GU

Question 1

Most common type of testicular cancer

Answer 1

Seminoma: best prognosis. Made of germ cells that multiply without differentiation

Question 2

Testicular cancer composed of tissue from different germinal layers e.g. teeth, common in children. Can contain all types of tissues!

Answer 2

Teratoma

Question 3

Yolk-sac tumour

Answer 3

Testicular Cancer common in children and aggressive. Made from germ cells that differentiate into yolk sac tissue

Question 4

Non-germ cell tumours

Answer 4

Arise from diploid sex-cord stroma cells.

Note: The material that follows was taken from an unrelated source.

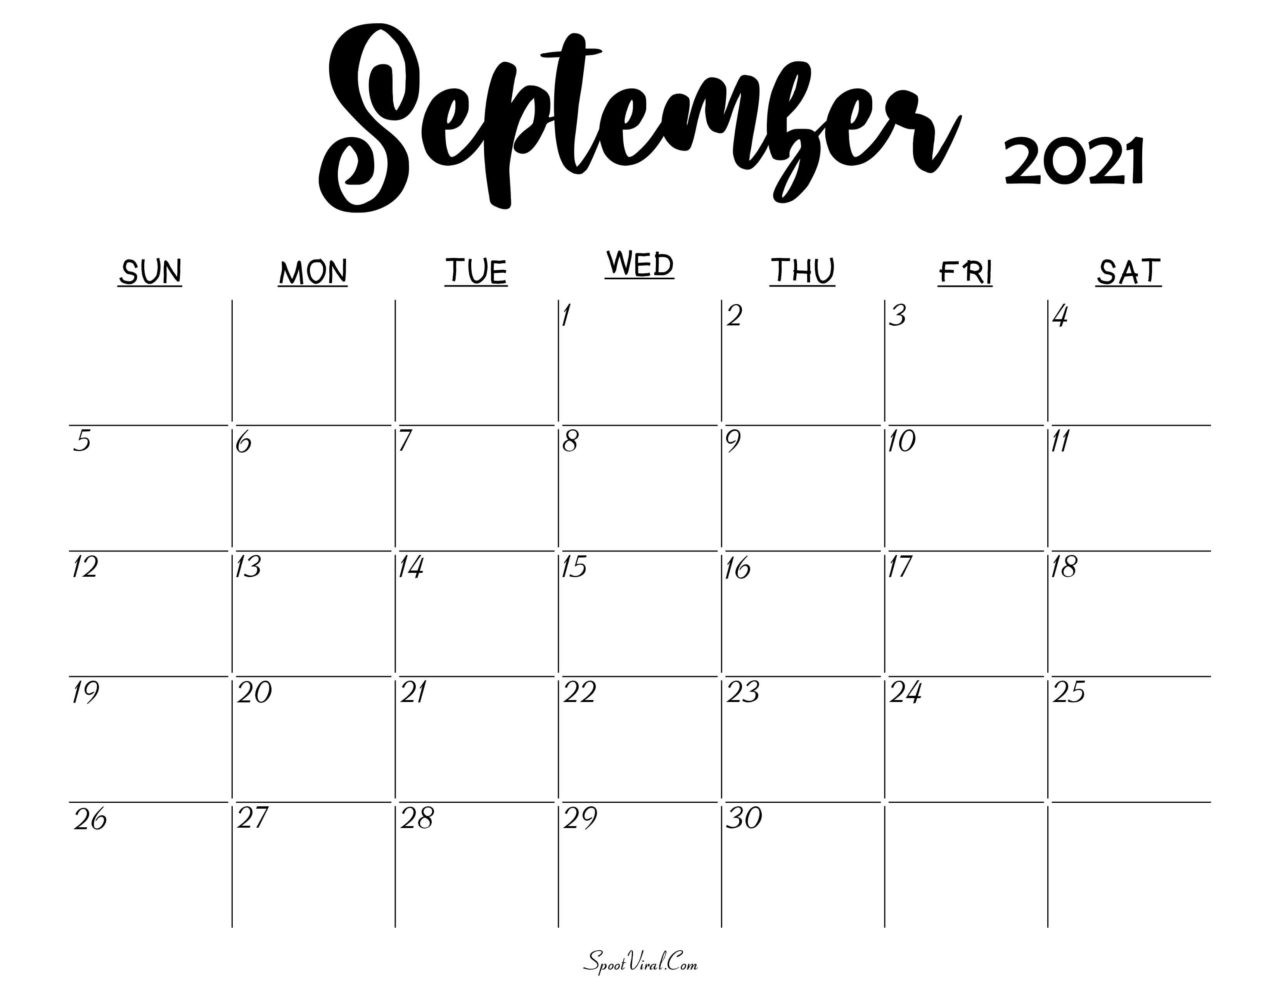 Blank September 2021 Calendar Printable - Latest Calendar-List Of Festivals 2021 To Print Out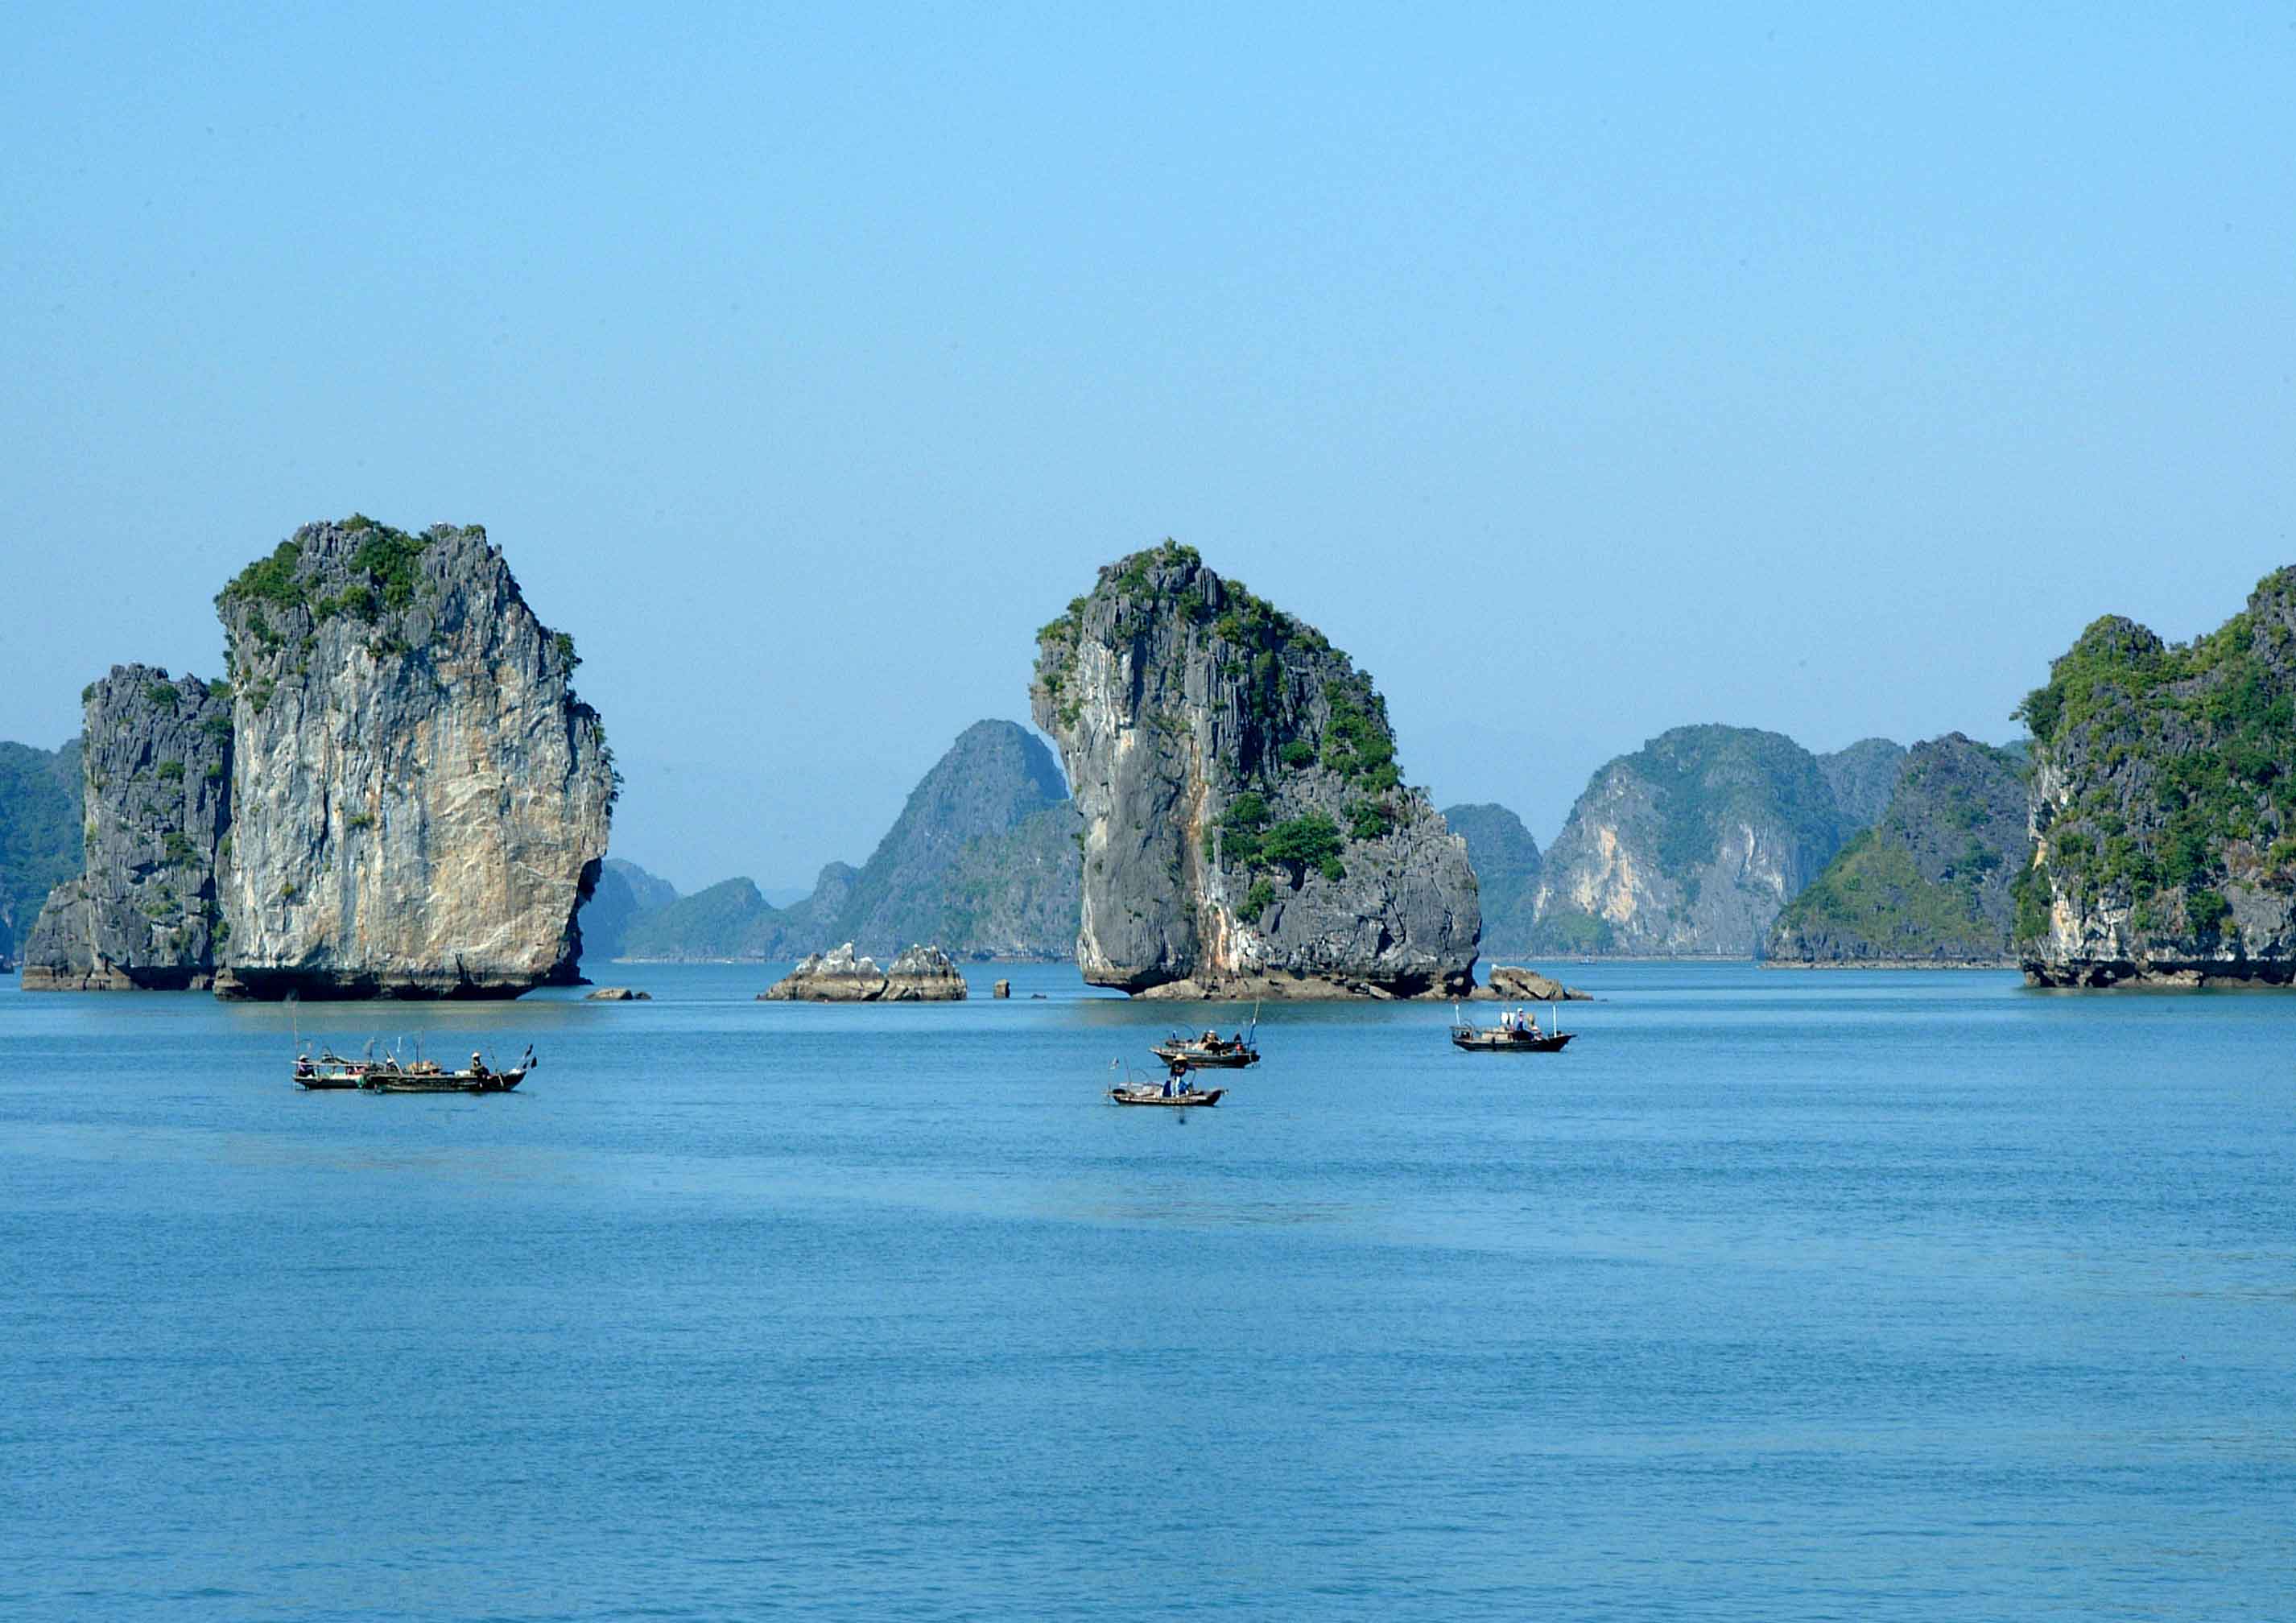 Halong Bay - Vietnam and Cambodia

• Leydig cell tumours:** androgen secreting. Testosterone causes premature puberty. Excess oestrogen can cause delayed puberty and feminisation
• Sertoli cell tumour: usually clinically silent and benign

Question 5

basement membrane of the prostate

Answer 5

Sitting within the basement membrane, is a ring of cube-shaped basal cells as well as a few neuroendocrine cells interspersed throughout

Question 6

Inner ring of luminar columnar cells

Answer 6

Luminal cells secrete substances into the prostatic fluid, that make it slightly alkaline that give it nutrients which nourish the sperm and help it survive in the acidic environment of the vagina.

Question 7

prostate specific antigen

Answer 7

The luminal cells also produce prostate specific antigen, or PSA, which helps to liquefy the gel-like semen after ejaculation, thereby freeing the sperm to swim.

Question 8

Most common type of prostate cancer

Answer 8

Adenocarcinomas are the most common type of prostate cancer, and these most commonly arise from the peripheral zone of the prostate.

Question 9

Prostate adenocarcinomas

Answer 9

They most often results from a genetic mutation in a luminal cell, but can also be a basal cell

Question 10

Gold standard for prostate cancer

Answer 10

• Multiparametric MRI: first line for suspected localised cancer
  (Previously,transrectal ultrasound (TRUS)-guided needle biopsywas the gold-standard diagnostic investigation)

Question 11

Bladder cancer removal name

Answer 11

Cystectomy is a medical term for surgical removal of all or part of the urinary bladder.

Question 12

Squamous Cell carcinoma (bladder)

Answer 12

These tumours typically pop up in multiple locations, and show extensive keratinization.
Typically arise due to chronic inflammation:

Question 13

The Genetic mutations in polycystic kidney disease (autosomal dominant)

Answer 13

PKD1 and PKD2

Question 14

Extra-renal manifestations in polycystic kidney disease (autosomal dominant)

Answer 14

Patients can have cysts that are typically benign pop up in the liver, seminal vesicles, and pancreas.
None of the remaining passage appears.